Several of my Piece Maker Quilt Ladies have arrived from the Gridster Bee, along with their cloth sewing treasures, like buttons and rotary cutters and topiary trees. You can read more about this project, written a few whiles ago, but basically I got the idea from Surfside Quilters, from their Blocks of the Month page. I’ve always wanted a Freddy Moran-style quilt, and now it looks like I’ll make one.

To help further this quilt along, I’ve been collecting black-and-white prints to go with other 400 black-and-white prints (dear, I’m kidding). I have discovered there’s a particular kind of black and white print that works with Freddy Moran style quilts, and I think I probably have enough now. Too much white? It bleaches it out. Too much black? A blot in the quilt. Black and white — that when you squint your eyes — turns into grey? Nyet. I think two of the prints above are perfect (on the outer edges) and we’ll see where the others may go.

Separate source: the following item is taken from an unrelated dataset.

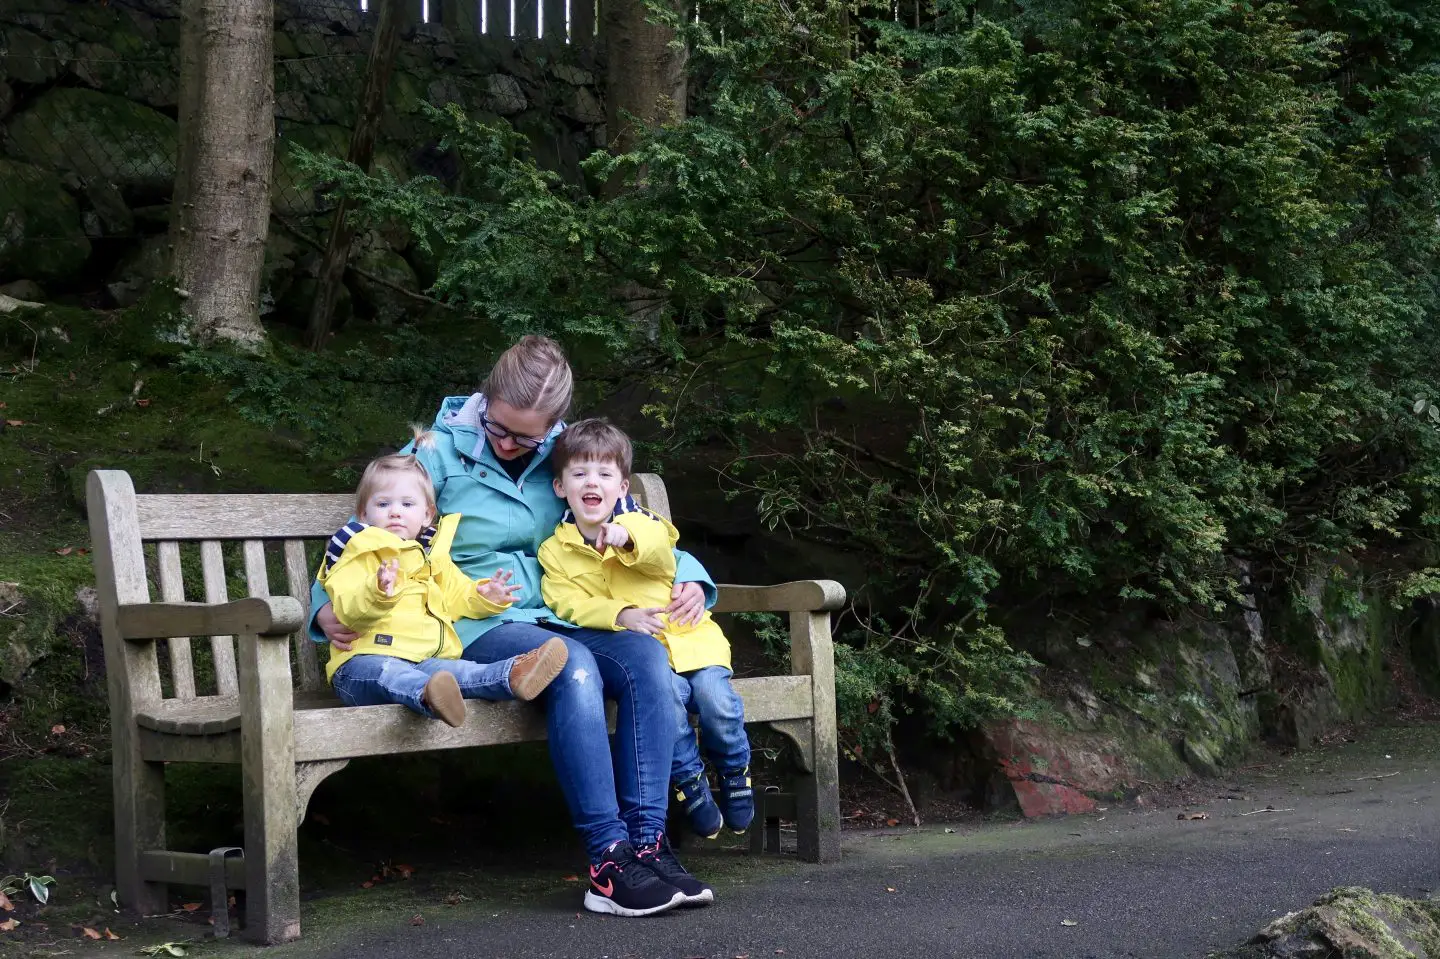 A mother and two children are on a bench in a park. The woman is wearing a teal coloured raincoat and her sons are in yellow jackets.

In keeping with the red theme of today’s post, here’s a treat I want to try: Cranberry Lemon Bars, from New York Times Cooking.

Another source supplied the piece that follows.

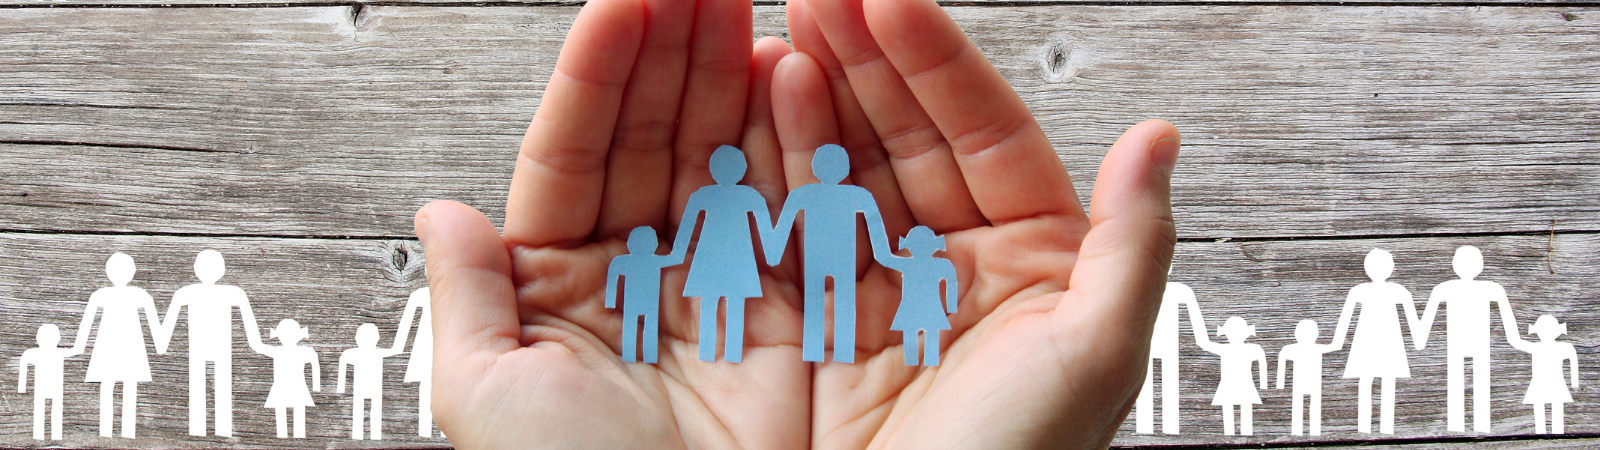 family hands banner image

And I’ll see this, next week. First airplane ride in over 20 months (better get it in before Omicron shows up).

But before that, we have to finish putting out my husband’s nutcrackers, arranging the lights on the mini-tree, switching out the quilts, and generally getting ready for the Christmas season. Another work in progress.

Merry Quilting!

In case you want something fun, here’s a free pattern to make this little tree on a frame, from my earlier days of pattern making; still good to go, but not quite as fancy.

And here’s the teeny tree:

More info is here.

And here’s a sneak peak of what I’m working on for 2022. I’m thinking a monthly quilt-a-long, sort of easy, no sign-ups, free patterns, work together, have fun, make a nice-sized wall hanging. And if you can’t deal with any more outside pressure to produce, it’s okay if you just want to grab the patterns and squirrel them away. That’s fine, I’m fine, you’re fine.

I also always make colorful quilts, and this one may go there yet, but I was gifted a little stack of Sherri and Chelsi’s newest line (thanks, Sherri!), and I’m starting there, because — oh my gosh — I do need a cool Valentine-y quilt. So that’s my starting line. I’ve got the first month’s pattern done, but I want to make samples, so you won’t see it until after the holidays. Maybe even by Twelfth Night!